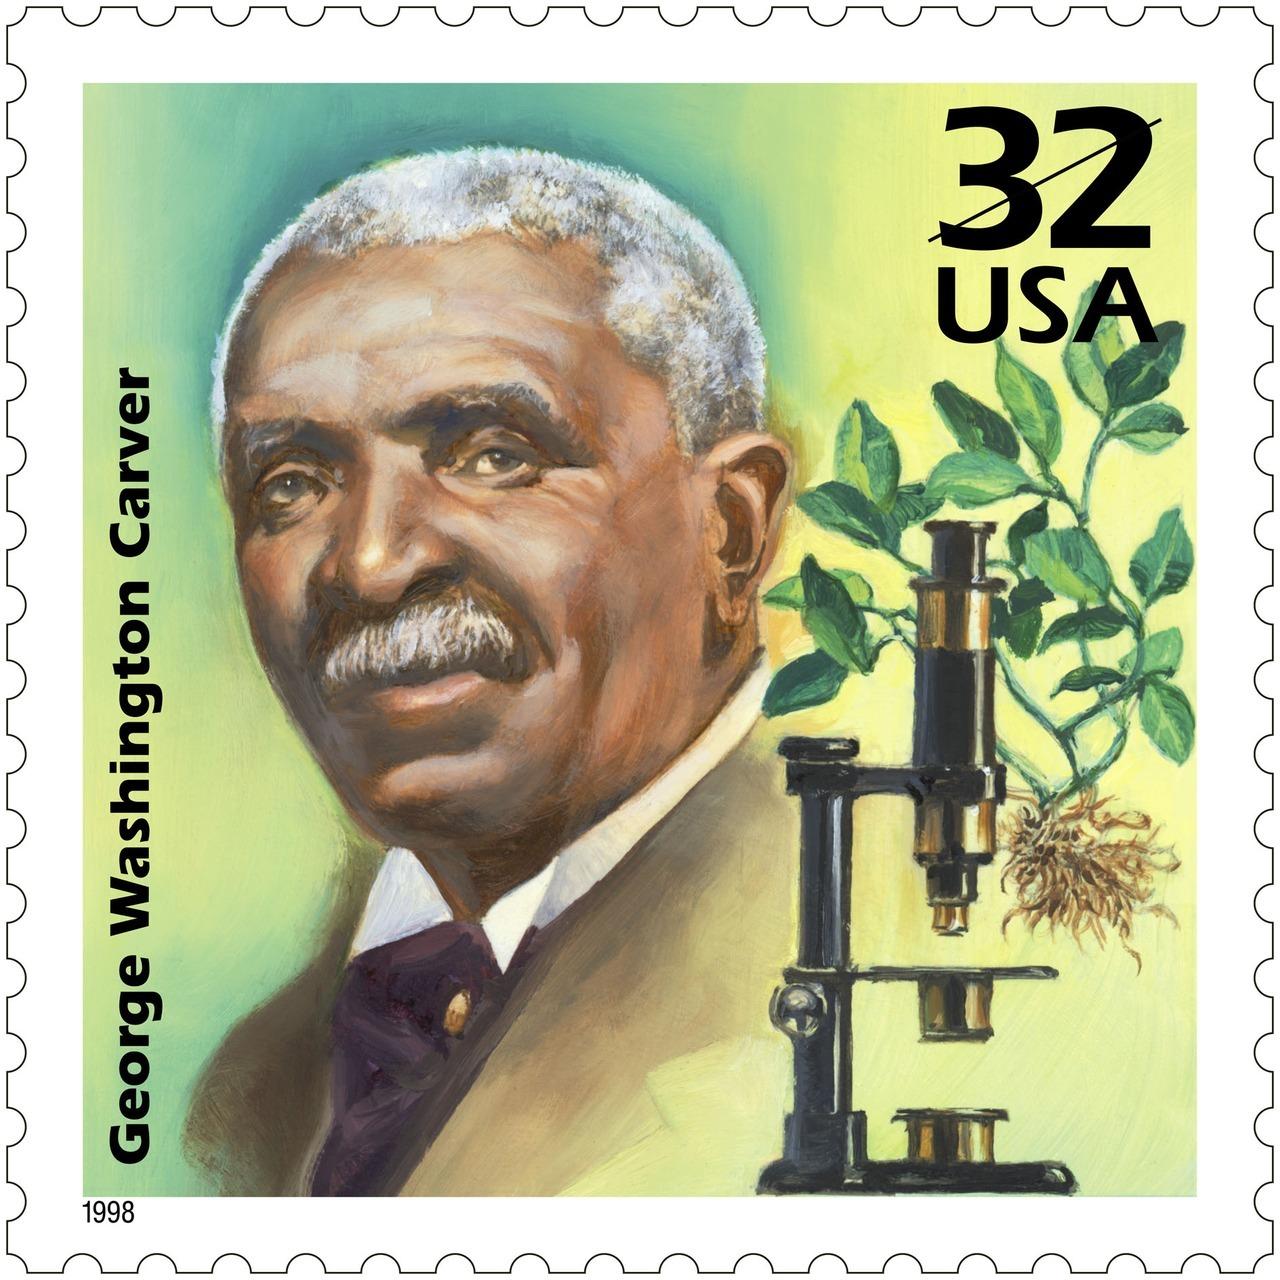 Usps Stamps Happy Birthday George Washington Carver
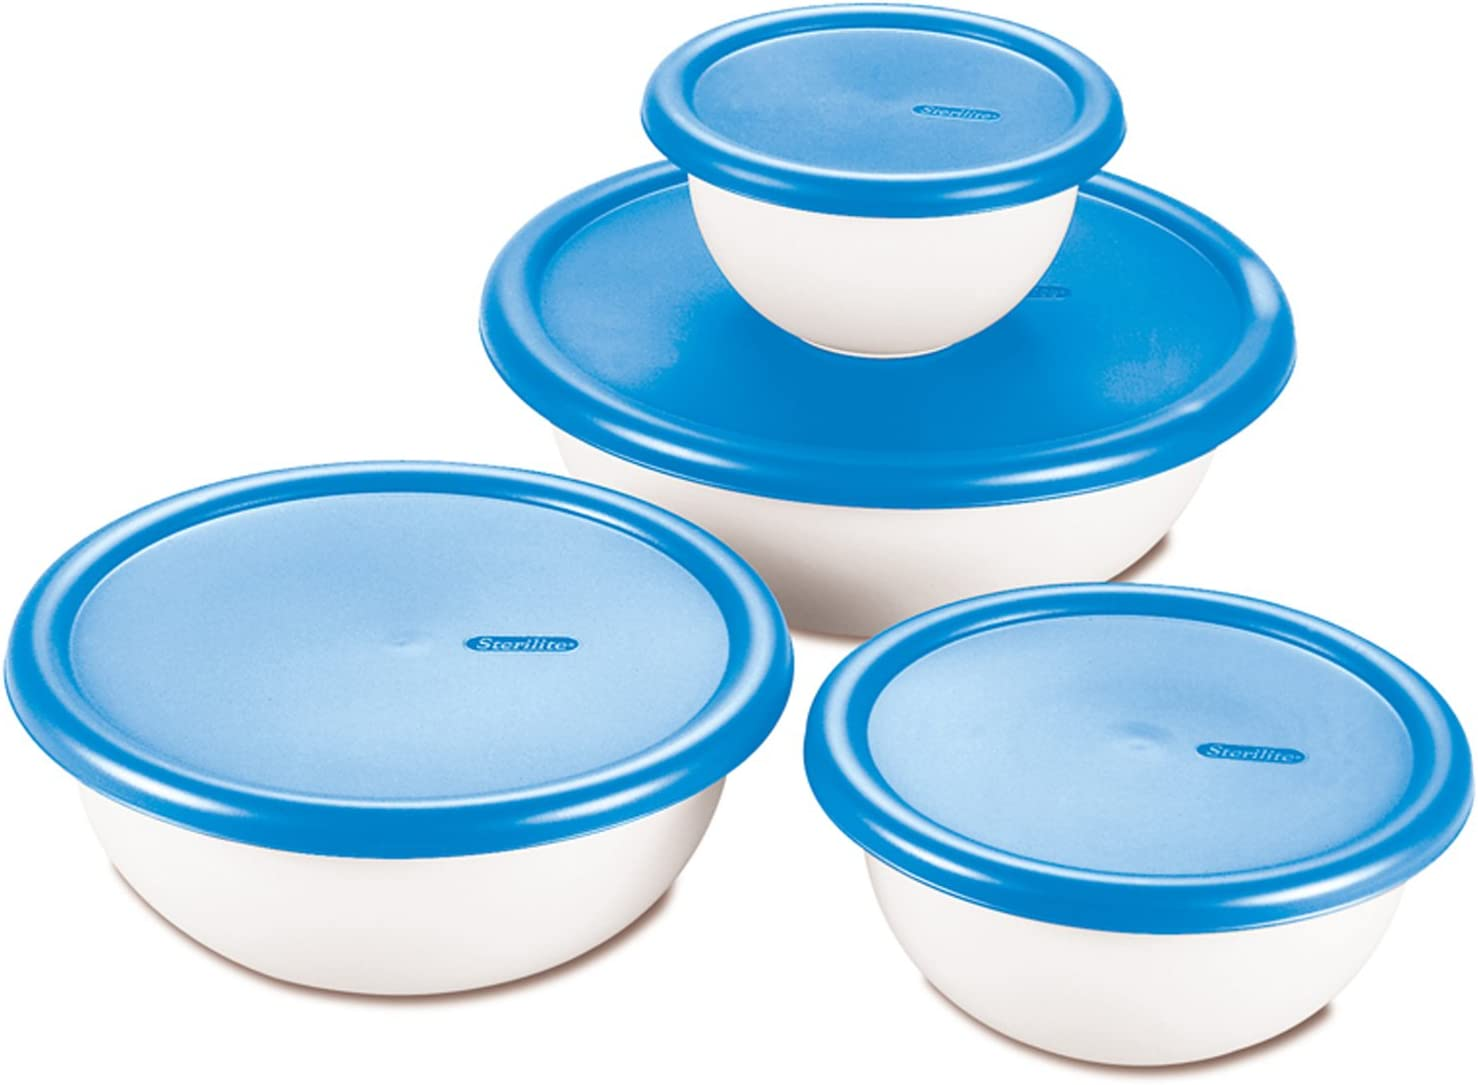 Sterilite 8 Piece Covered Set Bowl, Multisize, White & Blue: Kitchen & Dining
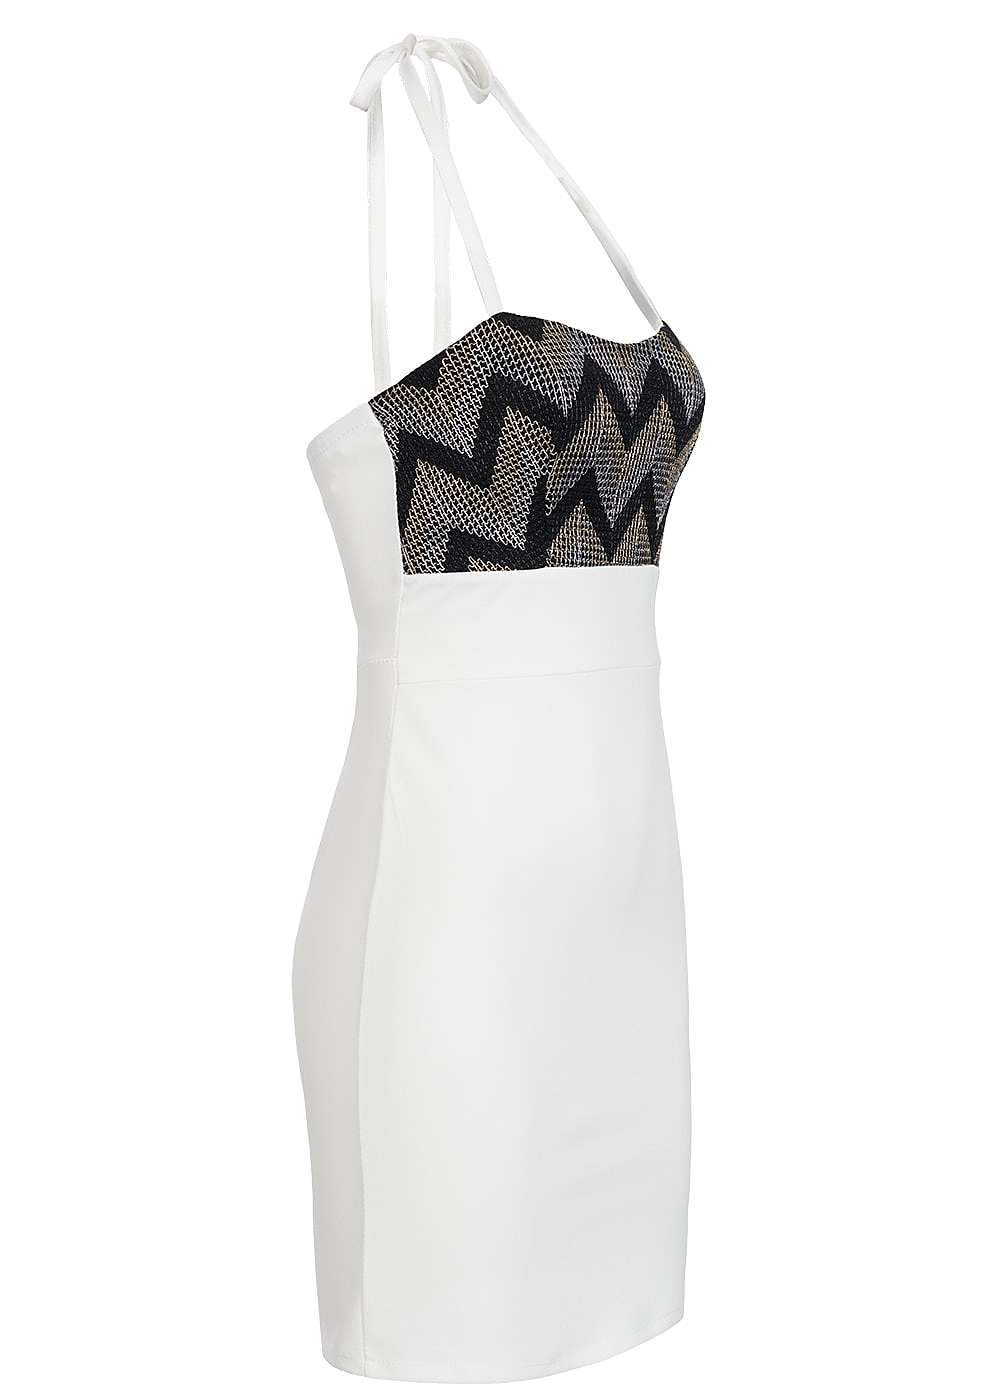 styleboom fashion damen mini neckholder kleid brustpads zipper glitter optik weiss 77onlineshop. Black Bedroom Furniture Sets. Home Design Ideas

__EXERCISE INSTRUCTIONS__. Return the complete data unchanged and include none of the pictures.

__RESULT OF THIS EXERCISE__.
 Usps Stamps Happy Birthday George Washington Carver
 Sterilite 8 Piece Covered Set Bowl, Multisize, White & Blue: Kitchen & Dining
 styleboom fashion damen mini neckholder kleid brustpads zipper glitter optik weiss 77onlineshop. Black Bedroom Furniture Sets. Home Design Ideas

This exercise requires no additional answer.